Storing common micro operations in trace cache also helps to increase performance.

Hence, increasing memory has a much greater impact on performance than increasing the number of functional units in the system.


TACKLING CONSISTENCY OF DATA


In earlier lectures, the following overheads of shared memory paradigm were discussed:


1. Need for synchronization between different processors which are accessing the same    memory.

2. Only one processor should execute its critical section at one time.


Another repercussion of having memory shared between processors is the possibility of inconsistency of data.

Inconsistency of data means that different processors having their own copy of the same data may have conflicting values of that data.


Suppose there are three processors, each having its own cache. They obtain a block of data from the main memory and then change the copy of the data in their cache after some processing. It may be possible that each processor now has a different value of that data and the main memory has an entirely different value of that data block. This leads to inconsistency in the same data.


  • Cache Coherence


Maintaining consistency among different copies of the same data block of memory is knows as cache coherence. We need to maintain coherence of caches when different processors write an updated value of data or in some special circumstances like cache replacement or process switching (context switching). Cache coherence depends on the type of cache used.


1. Write Through Cache:


In write through cache mechanism, the write operation is done simultaneously on the cache

block and the main memory block addressed by the content of that cache block. Therefore the main memory block has the valid data which was most recently updated along with the cache of the processor which updated the data. All other caches have invalid data.

To maintain coherence in write through caches, we use invalidation policy. Each block of the cache has one extra bit which indicates whether the block has valid or invalid data. Since there are only two possible states, that is, Valid and Invalid, we need only one extra bit per cache block.

Each cache has a state diagram which is implemented using external hardware. Since all caches are identical they have the same state diagram. V is the valid state and I is the invalid state.


Image reference: people.engr.ncsu.edu


It is important to note that we invalidate the content of the cache block (the main memory address) and not the physical address of the cache block.


Invalidating every cache other than the cache associated to the processor which executes the write operation increases the overheads and therefore we use the Snoopy Protocol.

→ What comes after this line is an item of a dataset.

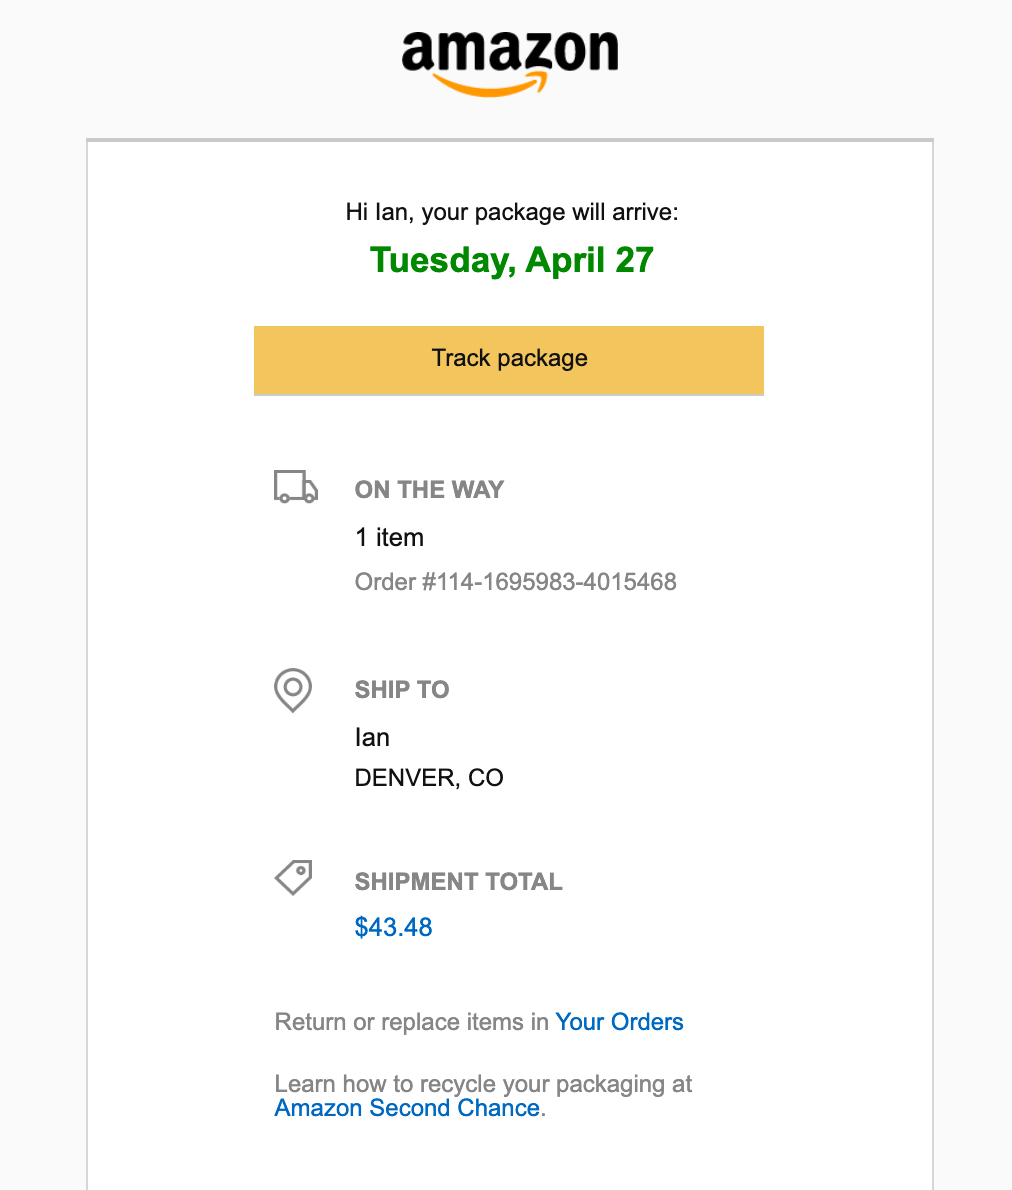 Amazon Display Delivery Details

A ‘snoopy bus’ connects all cache controllers and each cache controller monitors the bus. If there is a write operation by some cache, all other cache controllers invalidate their copy of the snooped memory address (if they have a copy). This reduces the operating system overheads.


However the above procedure of maintaining cache coherence causes increased memory bus and snoopy bus traffic.


2. Write Back Cache:


In write back cache mechanism, the updated value is written only to the cache and not to the main memory. The main memory block is updated when the cache block containing the data is modified or replaced.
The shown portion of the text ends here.